Input ::
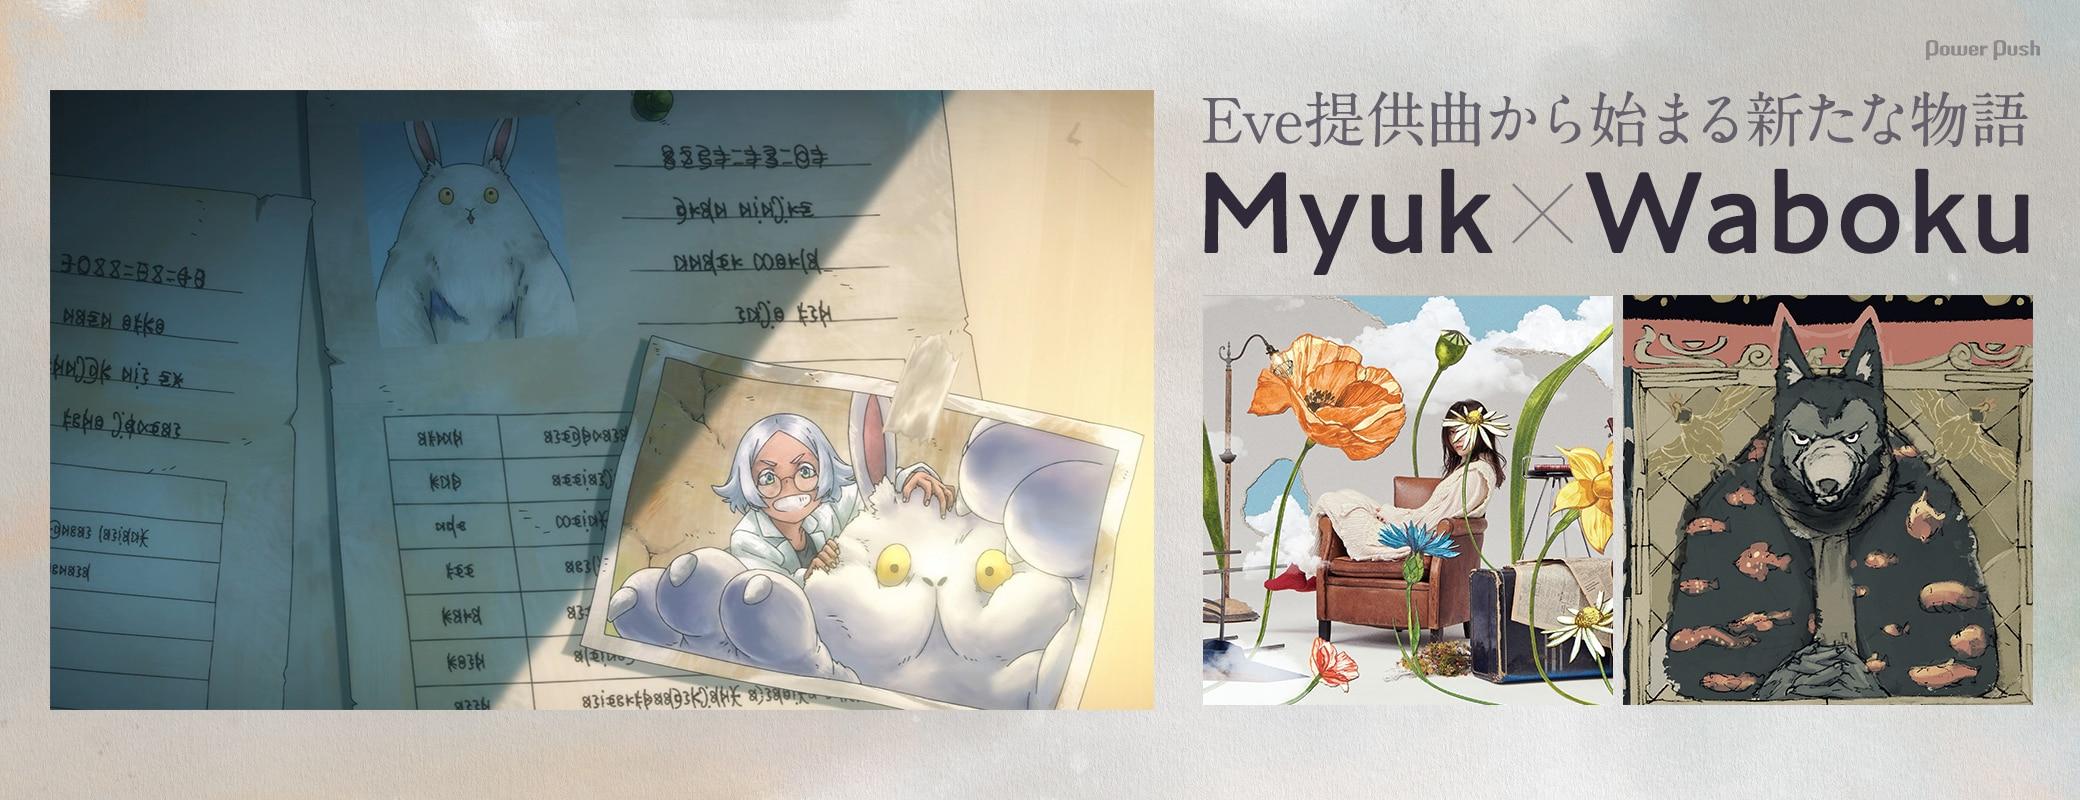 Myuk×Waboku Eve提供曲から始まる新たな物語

==

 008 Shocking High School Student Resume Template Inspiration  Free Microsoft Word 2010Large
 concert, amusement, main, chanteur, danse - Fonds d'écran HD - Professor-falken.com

Problem :: Above is a listing; print exactly its lines from the one with "008 Shocking High" through the one with "concert, amusement, main, chanteur, danse", and no other lines.

Solution below ::
 008 Shocking High School Student Resume Template Inspiration  Free Microsoft Word 2010Large
 concert, amusement, main, chanteur, danse - Fonds d'écran HD - Professor-falken.com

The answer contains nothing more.